In that truth, in that love, we find ourselves to be part of a life giving community.  And that leads us to this question – how do we do that?  How do we give life?  We don’t have that same problem they did.  In fact, if I asked you each to name the one thing that is keeping us from knowing God, I’m pretty sure I would get a lot of different answers.  Some of them would even be the exact opposite! 

So, I think that means we have a slightly harder task.  It doesn’t mean that we have to agree on one big community sin.  It means that we have to talk with one another, listen to one another, and find out what matters to one another.  It means that we first have to figure out how to be a life giving force to one another.  According to Paul, we need to let our knowledge be tempered with love.  That will lead us to do two things.  The first is to get out of each other’s way when it comes to faith.  If there is a way of doing things or something particular that we do that limits someone else from experiencing God’s presence – we have to let it go.

But there is something more. It is not enough to bow to the needs of one another.  In fact we shouldn’t be doing that at all if it simply means that someone else is getting their way.  Everything must be in the service to the one who is the Author of our story – the one who is recognized by unclean spirits and amazed onlookers. 

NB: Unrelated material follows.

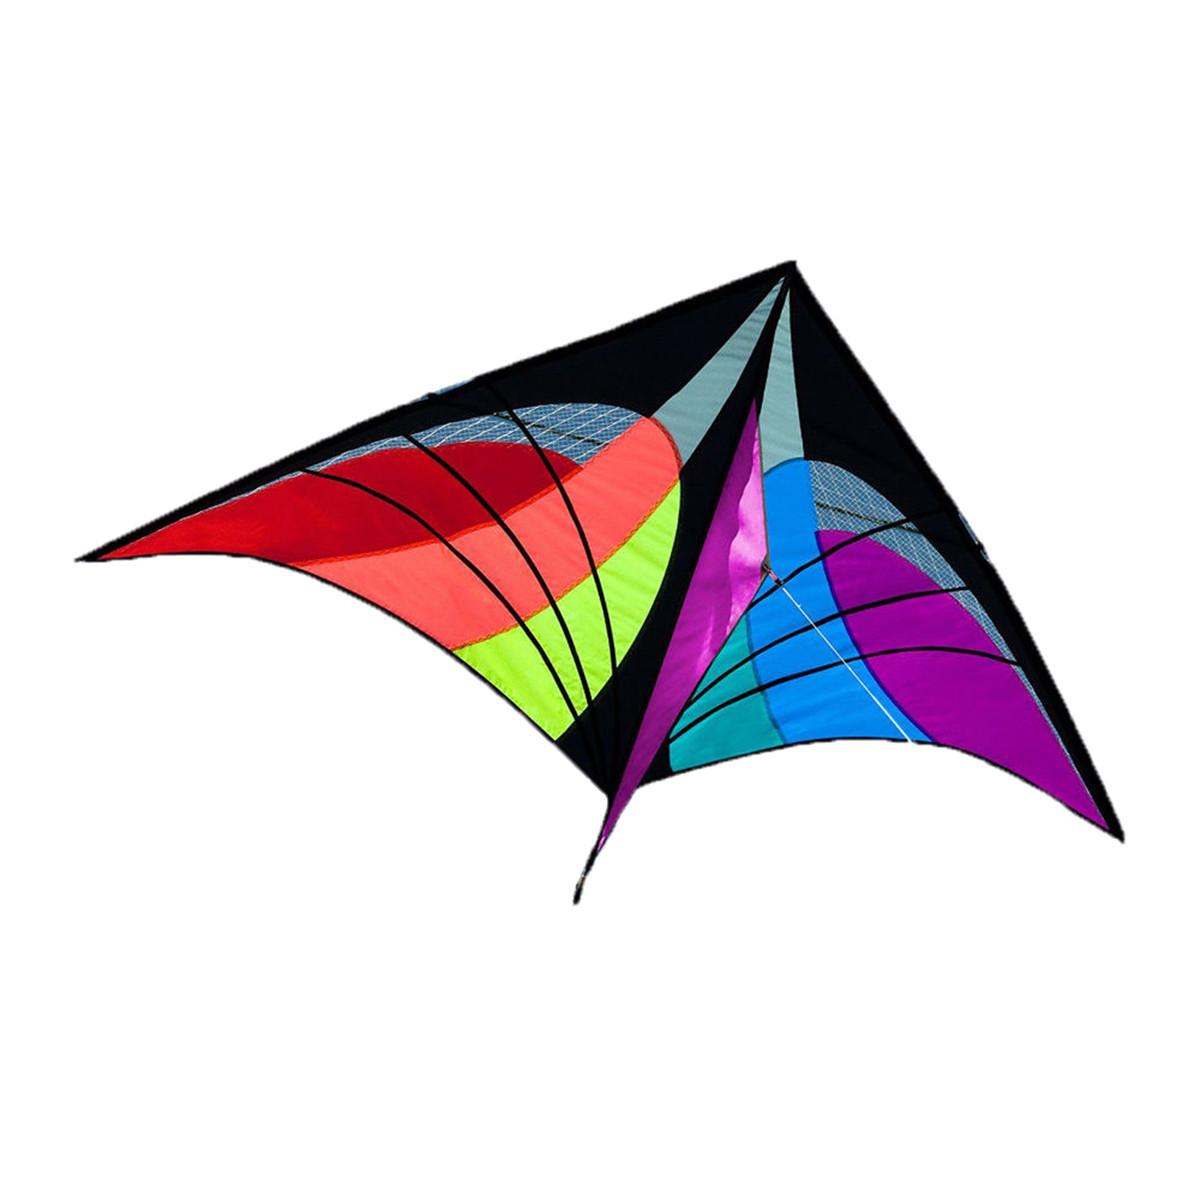 NEW 5.2ft Delta Triangle Kite Outdoor Fun Sports Toys Single Line

And that means that we have to recognize the parts of our own souls that call out to the presence of God in one another.  We have to recognize the parts of us that are terrified by the idea that we could be wrong, even when we know that we are right.  And when we do, we have to be caught up in the story that brings life – so that our actions will come from that story and not from our fears. 

We have been telling the story of hope and redemption for a long time, and in some ways we are about to begin a new chapter.  In our Christian Education discussions we have been focusing on the question, “How do we nurture Christian faith.”  In our Session retreat we followed that discussion with the acknowledgement that our congregation is somewhat like an incubator. Before the public school system picked it up, we held the pre-school.  Members of our congregation were founding members of the United Christian Outreach, CUPS, and the Wesley Campus Ministry.  We have even been involved either directly or indirectly in the formation of two sister congregations!

My point is not too puff you up with that knowledge.  My point is to say that if we are a community of love and grace, then we must continue to build up the faith of others.  What space for nurturing faith and demonstrating the power of God will we come up with next?  What does our community need in order to grow spiritually?  These are questions we need to be asking while we look to the future we have in God. 


As we ask these questions, our actions will flow.  Our actions will create stories that create expectations.  These expectations will create open spaces where truth can be revealed, and the truth can only be held by hands bound together in love.  May it be so with your hands and mine, and even with those hands are waiting for ours to reach out to them in love.  And to God be the glory, now and always.  Amen.